Because MYH9 knockout mice have an early embryonic mortality, Léon and colleagues have used the loxP/Cre recombinase strategy to specifically ablate the MYH9 expression into the megakaryocytic lineage.⁶  Like MYH9-mutated patients, MYH9^−/− mice show thrombocytopenia, large and immature platelets, and impaired platelet contractile activity. Léon et al have found that romiplostin administration heightens the platelet count in MYH9^−/− mice significantly less than in wild-type controls, despite the greater increase of bone marrow megakaryocytes in the former.
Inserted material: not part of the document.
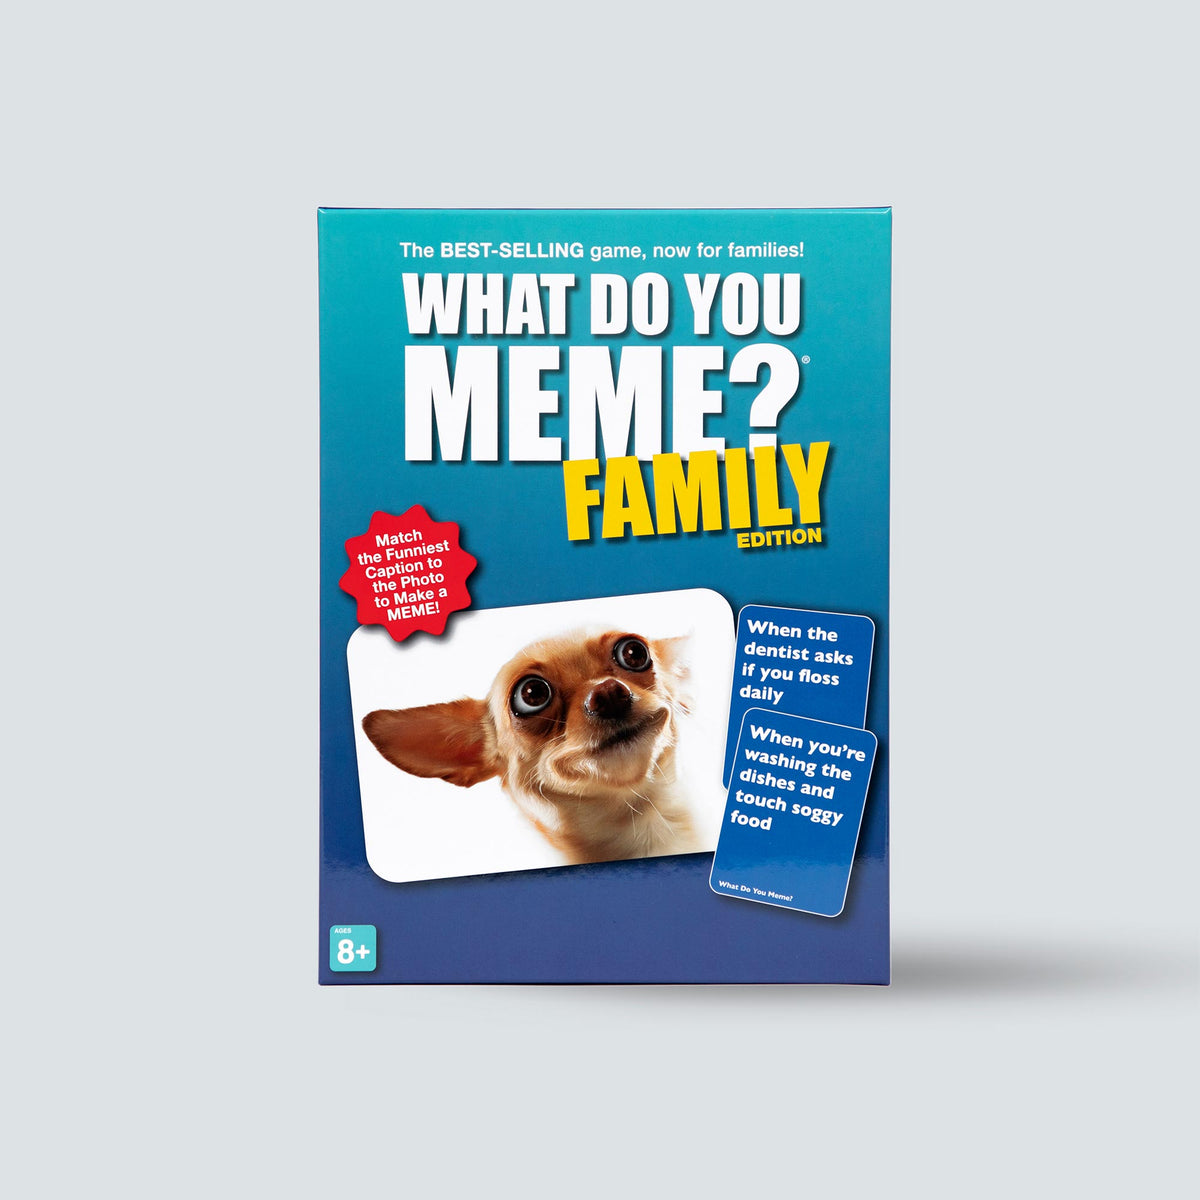 What Do You Meme?® Family Edition

Moreover, under romiplostin administration, MYH9^−/− platelet express low levels of glycoprotein VI and glycoprotein Ib-IX-V complexes. Finally, romiplostin administration causes in MYH9^−/− mice a progressive increase of reticulin fibers in the bone marrow, not observed in wild-type controls.¹ 

All these findings suggest that romiplostin, by expanding the MYH9^−/− megakaryocyte pool, emphasizes the platelet release inside bone marrow, likewise amplifying the secretion of growth factors inducing fibrosis such as platelet-derived growth factor, transforming growth factor-β, and basic fibroblast growth factor. In turn, the increased fiber deposition further stimulates the propletelet formation by megakaryocyes and, in the meanwhile, induces them to release metalloproteases, thus explaining the increased cleavage of adhesive glycoprotein complexes⁷  (see figure). The megakaryocytic lineage is crucial in the induction of bone marrow fibrosis and chronic stimulation of megakaryocytopoiesis is a well-known system to induce marrow fibrosis in animal models.⁸ 

We have recently reported that patients with thrombocytosis because of the inherited MPLSer505Asn activating mutation have not only a significant risk of thrombosis, but also evolve to bone marrow fibrosis. In these patients there is an unequivocal association between fibrosis and aging, with progressive increase of reticulin fibers, which in some middle-age and in most elderly patients appears diffuse and surrounded by focal bundles of collagen.⁹  The problem of marrow fibrosis in ITP patients undergoing Tpo mimetic therapy is truly felt, so that monitoring of cell counts and the peripheral blood smear is recommended. If new morphologic abnormalities or cytopenias are noted or if there is a loss of response to treatment, a bone marrow biopsy with staining for reticulin and collagen should be performed.¹⁰ 

A recent Italian trial has first reported that patients with MYH9 mutations significantly benefit from 6-week eltrombopag treatment, with increase of platelet count and disappearance of bleeding tendency in most of them.¹¹  Whereas the experiences gathered so far in ITP patients indicate that Tpo-mimetic-induced fibrosis is reversible if drug therapy is discontinued, the irreversibility of marrow fibrosis associated with MPLSer505Asn mutation provides ground for reflection. In addition, data presented here by Léon and colleagues cast doubt that, under prolonged Tpo stimulation, patients with thrombocytopenia sustained by ineffective megakaryocytopoiesis would be predisposed to this complication.